Арчер пьяно осклабился и сгреб в охапку китайца, который весил чуть ли не вдвое меньше его.

— Ты что же, Кан До, собираешься меня отшлепать, как бывало в детстве?

— Следовало бы, хотя вы теперь и взрослый.

Арчер, шатаясь, выпрямился.

— А что ты думаешь об этой семейке, а? Разве она не сумасшедшая? Мой папаша — сенатор. За одно это мамашу следовало бы хорошенько отшлепать. Купила ему помилование так, как если бы покупала очередную чертову французскую софу. Хотя, о чем я, черт побери, ведь она все себе в жизни купила. Почему бы не купить и Сенат?! — Арчер икнул и направился в главный холл высотой в три этажа. Красивая двойная лестница вела из холла наверх; по внешней стороне лестницы тянулась изящная балюстрада из кованого железа. Между двумя пролетами лестницы, которые сходились в одной точке, образуя огромную букву «V», висел портрет Эммы в натуральную величину. Портрет был выполнен в броском и эффектном стиле королевских портретов работы Винтерхальтера. Эмма в самом расцвете своей ослепительной красоты стояла на условной террасе, глядя на Сан-Францисский залив, служивший фоном картины.

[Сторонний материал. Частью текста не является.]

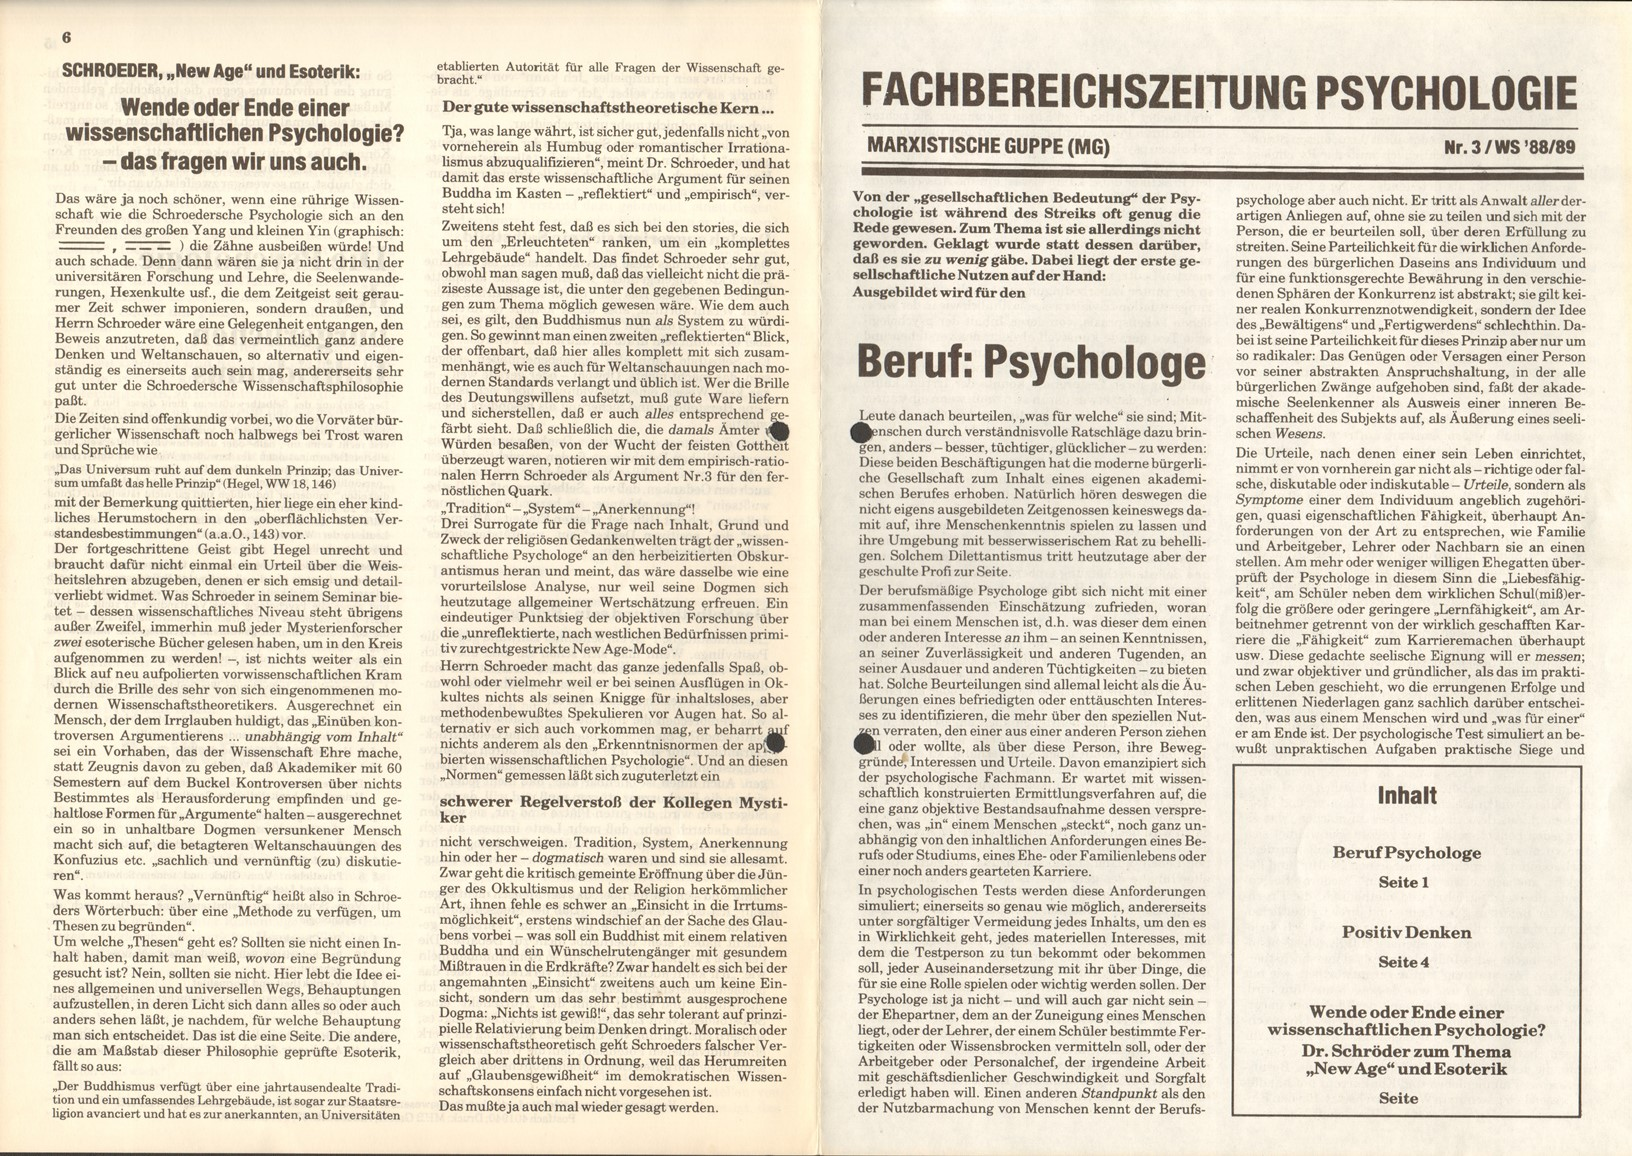 Muenchen_MG_FB_Psychologie_19890200_01

Эмма была изображена художником в бархатном платье цвета берлинской лазури, пышная юбка величественными складками ниспадала до самого пола. Волосы Эммы были уложены в высокую, сплошь из сложных завитков прическу, увенчанную бриллиантовой звездой, длинная шея украшена жемчугом, а открытые плечи, благодаря мастерству художника, выглядели на полотне потрясающе чувственными.

— Мама! — воскликнул Арчер и, сняв с головы шляпу, торжественно раскланялся перед портретом, обрамленным в золоченую раму. — Великая Герцогиня Сан-Францисская! — Он прочистил горло и, подражая детской манере говорить, прошепелявил: — Мамоцка постлоила больсой такой, больсой домик, стобы показать всем соседям, какая она у нас тепель богатая. У мамоцки много длагоценностей, денюжек, всего-всего у нее много. Мамоцка — настоящий монетный двор этого проклятого Сан-Франциско…

— Мистер Младший, я не хотел бы, чтобы вы продолжали разговаривать в подобном тоне, — сказал Кан До, торопливо беря Арчера под руку. — Сейчас мы с вами пойдем на кухню…

— Оставь меня, Кан До! Я хочу видеть своего отца!

Арчер сердито выдернул руку, шатаясь, направился по мраморному, в черно-белую клетку, полу к правой лестнице и стал карабкаться по ступеням, при каждом шаге хватаясь за балюстраду.

— Арчер!

Он поднял голову. Как только муть рассеялась и он начал видеть окружающее более-менее отчетливо, его взору предстала стоявшая на верхней площадке женщина — по его мнению, самая красивая женщина если не в целом свете, то уж наверняка на Западном побережье. Это была его сводная сестра.

— Стар, — прошептал он и, споткнувшись, едва не упал перед ней на колени.

Стар стремительно сбежала по ступеням вниз.

— Ох, Кан До, опять он напился! Маму когда-нибудь удар хватит.

— Вот я, мисс Стар, и пытаюсь затащить его на кухню, от греха подальше.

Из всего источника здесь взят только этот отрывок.